But the resultant solid is not as sturdy as using powdered steel dust (at least I’ve convinced myself of that) . These crappy little mounting posts are subject to both compression, shear, and extension stress.
JB putty would work great, but it doesn’t stick to plastic as well as regular JB or superglue.

Once the joint starts to go, unless the user takes remedial action quickly, the little posts crumble and you’re are left with the little brass inserts unsupported by anything other than the surrounding components.
This user had the screen duct taped together to keep it from coming apart. The hinge was forcing the screen to pry itself asunder.
On this particular laptop the hing actually has a component that floats unsupported and acts as a lever to the hinge mounting points. I made a support to brace it from below so it doesn’t have a chance to flex as much. Popsicle stick shaved thinner and cut to shape did the trick.

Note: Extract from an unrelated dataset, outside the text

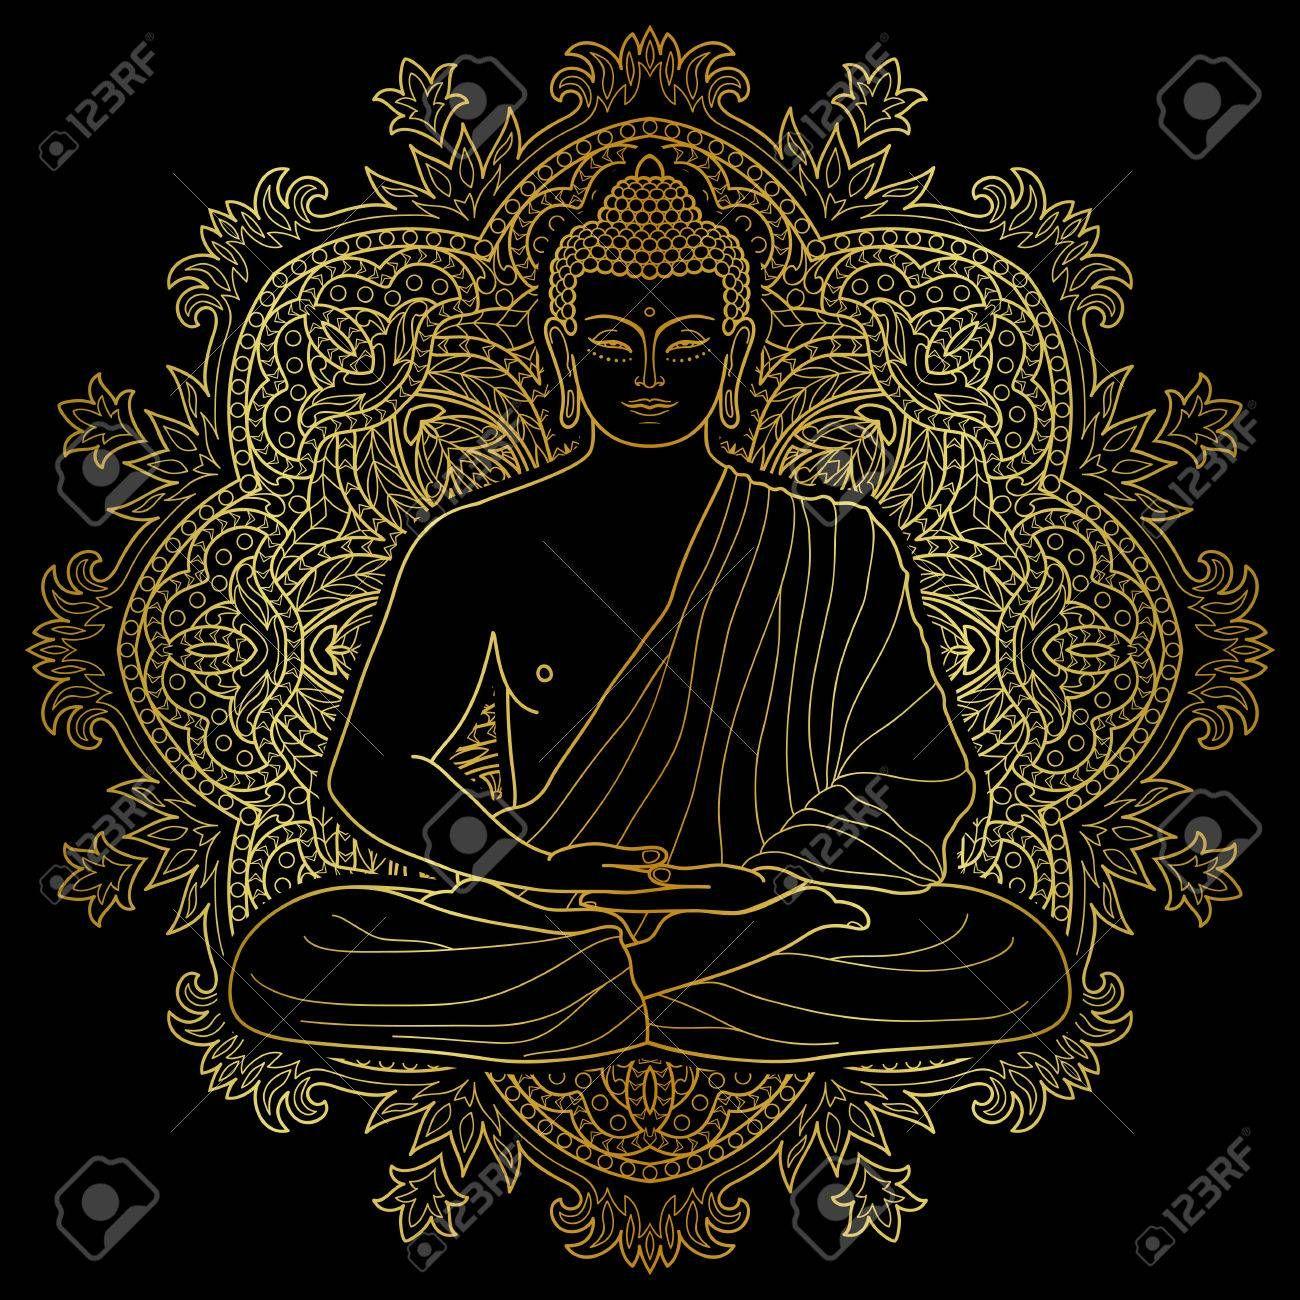 Mandala Buddha Head Men/'s Tee Image by Shutterstock

Dell, in it’s wisdom, peens over the threads on the hinge pin. Making nearly impossible to disassemble without taking the whole frigging thing apart.
And don’t get me started on cable routing through the hinge area.

Dell isn’t the only company that has great ideas. There are some Toshiba laptops that are great PCs. I’m typing on one now. If the keyboard goes, the replacement is relatively expensive as laptop keyboards go. BUT, it’s attached to the top clam shell with plastic studs melted into the mounting holes on the keyboard.
So to remove the old one, you melt the studs with an iron. Shape them us as best you can so the new KB will fit. Then hope you have enough plastic to work with to secure the new KB. Or try superglue and baking soda Big Smile
How do you quote a repair like that? Well, if it works, it will be 2 hours in labor plus parts. But it might not work. And I won’t know if it works till after I’m done.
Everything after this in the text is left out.